I've been playing with SMB1 and thought that it would be a good practice rom. Can someone explain how I can change the title screen in SMB1?  I'd like to get the short answer, but I'd love for someone to explain how I could have figured SMB1's title screen out without someone telling me "go to byte bla bla and change these".  I actually want to learn!  Smiley 

Thanks for anyone who can help!  I did try searching through documents on this site and the forum.  If this question has been asked before, I'd appreciate if you'd point me to it!!!  Smiley
Ryusui
Guest
« Reply #1 on: July 22, 2007, 09:45:10 pm »

You'll need some hardware-specific docs to help as well as a touch of ASM knowledge and an emulator with debugging functions (FCEUXD springs to mind), but here are the quick-kill steps to success.

1. Figure out where the tilemap is located in VRAM.

2. Set a write breakpoint to the first byte of that memory location.

3. Run the game till execution breaks. The instruction the game will break on should be either LD-something or STR-something; this is a LoaD (or SToRe) instruction and will save a byte stored in a register to memory (in this case, it should be the VRAM address). Look above it for another LD instruction: with a little intuition, you should be able to figure out which instruction loads the byte from the ROM that is written to VRAM.

4. Set an execution breakpoint to the load instruction. Next time the game breaks, you will have in your hands the address of the second byte of the game's tilemap. With a bit of conversion, you will know where to look for the tilemap in the ROM.

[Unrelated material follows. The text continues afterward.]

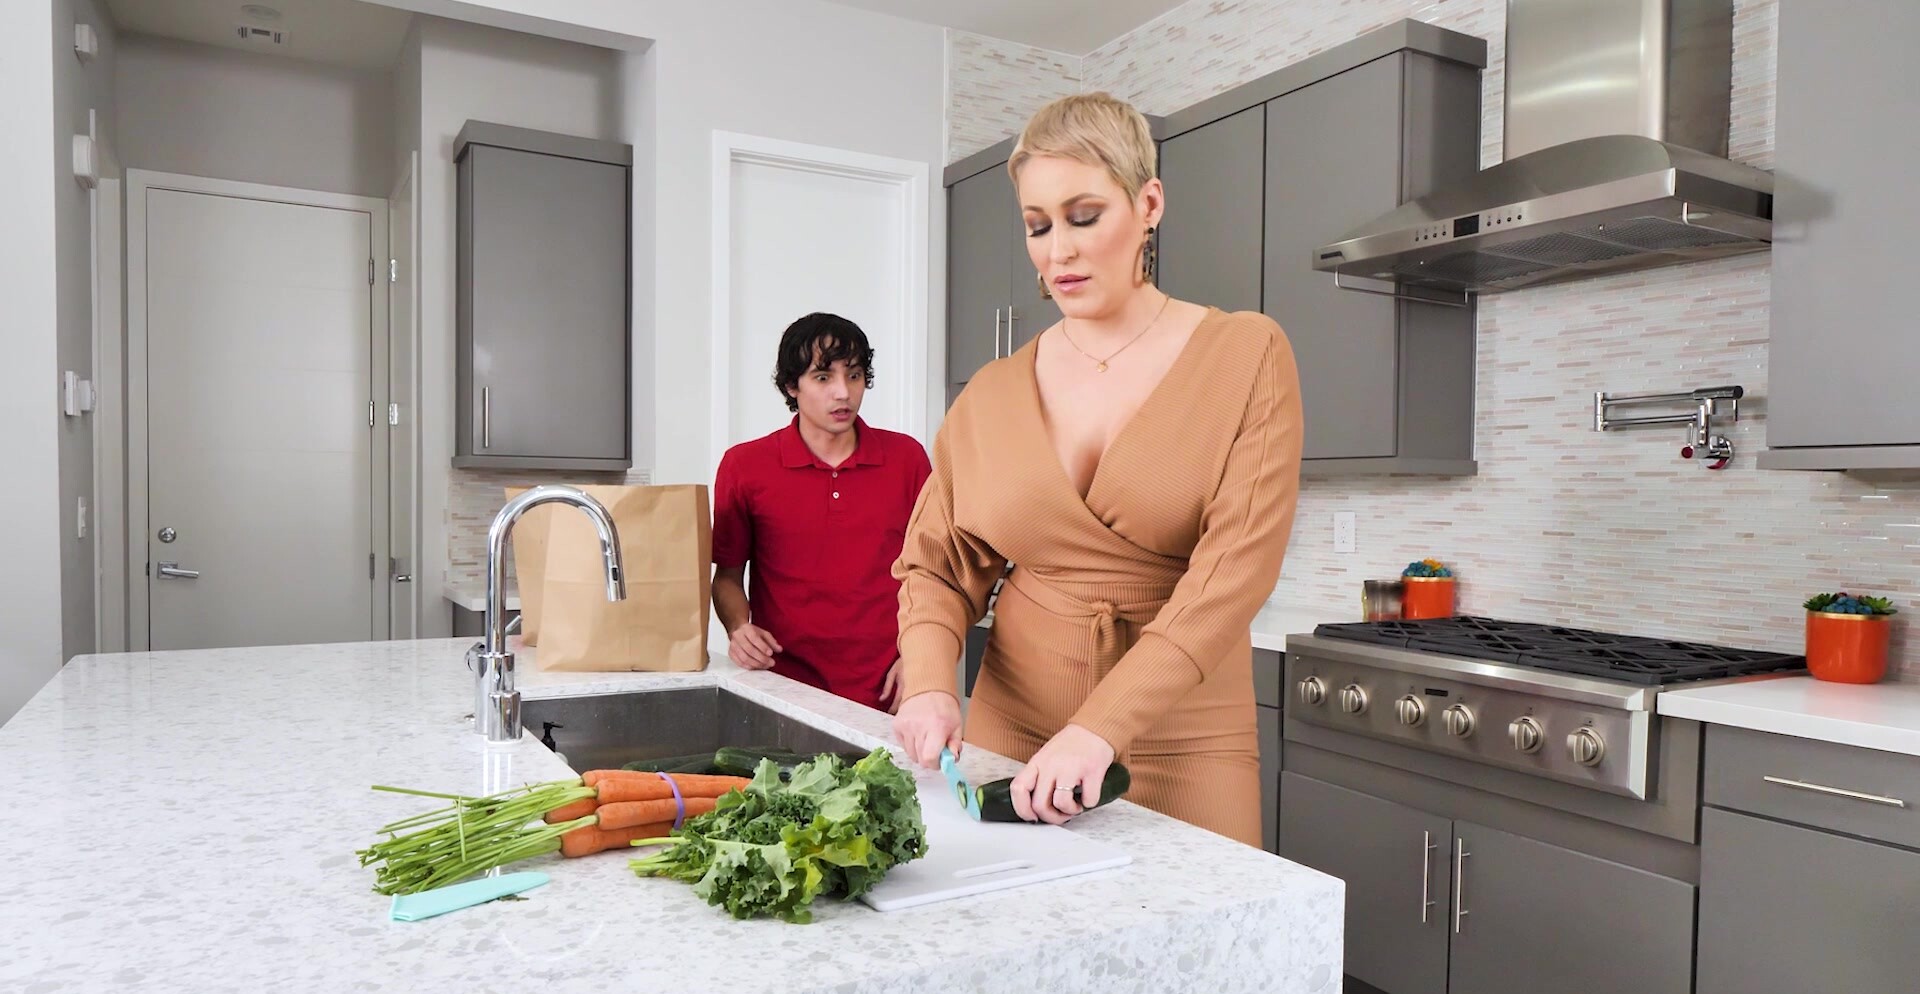 Restless porn in the kitchen for the big ass stepmom image

The tilemap data should consist of two parts: the tile data and the palette data (though on B/W games like those for the original Game Boy, there will only be tile data). How they are mixed together (if at all) will depend entirely on the platform and the title, but you should be able to figure it out easily enough. Once you can identify the palette information, you can proceed in one of two ways.

1. The Easy Way: Change the palette of the tiles to the existing palette you wish to use. The upside of this is, of course, that as long as you can somehow view the palettes used by the game, you will be able to change the color scheme of the tiles to anything you wish to use. The downside is that if the colors you wish to use are not included in any of the game's palettes, you're out of luck unless you do things...

2. The Hard Way: Change the actual palette data. This will require a bit more ASM skulduggery, but if you can find where the actual palette colors are stored in VRAM, you can work back from that using the above method for locating the tilemap to figure out where the palette data is stored in the ROM. After that...you can change any of the game's colors. Make all the Goombas bright green, turn Buzzy Beetles fuchsia, give Lakitu his very own Kinto'un (i.e. change his cloud to gold), move the Mushroom Kingdom to Gallifrey or Vulcan with a vivid orange sky...the possibilities are only as limited as your imagination. Then we have the downside: unintentional color changes. There's only so much space for palettes in memory, and some objects may use the same colors as other objects: if your plans for palette mastery begin and end with the game's title screen, you may inadvertently wind up changing much more than you bargained for.

I hope this helps. These techniques should serve you well with any game on almost any platform.